第19話
日本の政治の現状をなげく坂田と話していて、僕は1週間前に会った高校時代からの友人を思いだした。新聞社に入社したばかりの友人は、ジャーナリストとしての夢を熱心に語った。友人と話し合って以来、ジャーナリストというものにたいして、僕は正義漢のイメージを抱いていた。僕が友人のことを話すと坂田は言った。
「正義感を持たないジャーナリストなんて存在価値が無いだろう。それにさ、なによりもだよ、ジャーナリストには見識や良識といったものが必要だと思わんか。ひとりよがりでわがままな正義をふりかざされたら、迷惑をこうむるどころじゃないからな」
「さっき話したような政治家は、要するに存在価値がないわけだ」
「政治家になってほしくないのは利己的な奴だ。政治は政治家のためのものじゃないからな。使命感や正義感、勇気に倫理感……もちろん実行力も必要だ。とにかく、いろいろあるけどさ、政治家にはどれも必要なんだよ。そう思わんか」
坂田の話に触発されるままに僕は考え、そしてしゃべった。酔いにまかせてしゃべっていると、いつになく自分が知的になっているような気がした。

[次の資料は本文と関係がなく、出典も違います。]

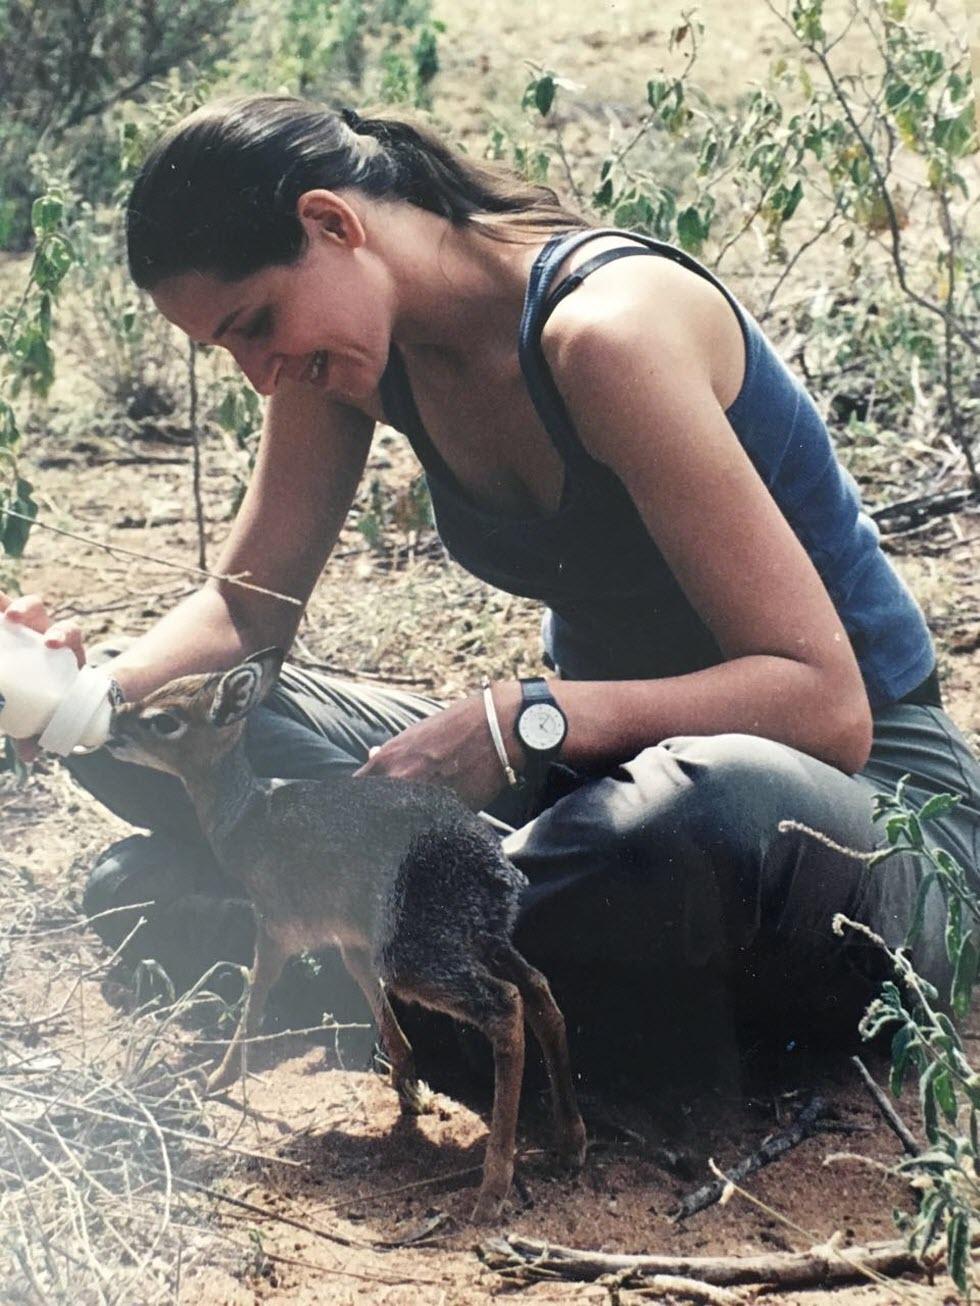 הטבע הוא אהבה ראשונה וגדולה. רונה באפריקה. (צילום: מהאלבום הפרטי של רונה) (צילום: אפריקן דרייב) (צילום: אפריקן דרייב)

坂田はずいぶん酔っていたはずだが、話の内容や議論の展開には少しも乱れたところがなかった。政治や社会について語っている坂田は、しらふの時よりもむしろ理知的に見えた。僕は坂田に敬意を表わしたくなった。
「いろんなことを知ってるし、随分考えてもいるんだな。お前をみならって少しはおれも考えることにするよ、政治とか社会のことを」
「お前だってよく考えてるじゃないか。よかったよ、久しぶりにこんな議論ができて。おれが知っているのは、新聞で読んだ程度のことだけど、たまにはこんな話をするのもいいもんだよな」
いつかまた、このような機会を持ちたいものだと僕は思った。
まわりには僕たちと同じように、大声で議論をしているグループがあった。僕たちはときおり何かを注文し、たまにビールを追加しながら、長い時間をそこで過ごした。
店を出たときにはふたりとも深く酔っていた。ふらつく坂田をささえるようにして立川駅へ向かった。
坂田は高尾行きの電車に乗るまぎわまで僕に語り続けた。坂田の別れのあいさつはプラットホームに響きわたったが、それがまわりの人に与えた不快感はそれほど強くはなかっただろう。声は乱れていても言葉はじつに爽やかだった。僕もずいぶん酔っており、悲鳴をあげそうな胃を抱えていたが、それでも気分は爽快だった。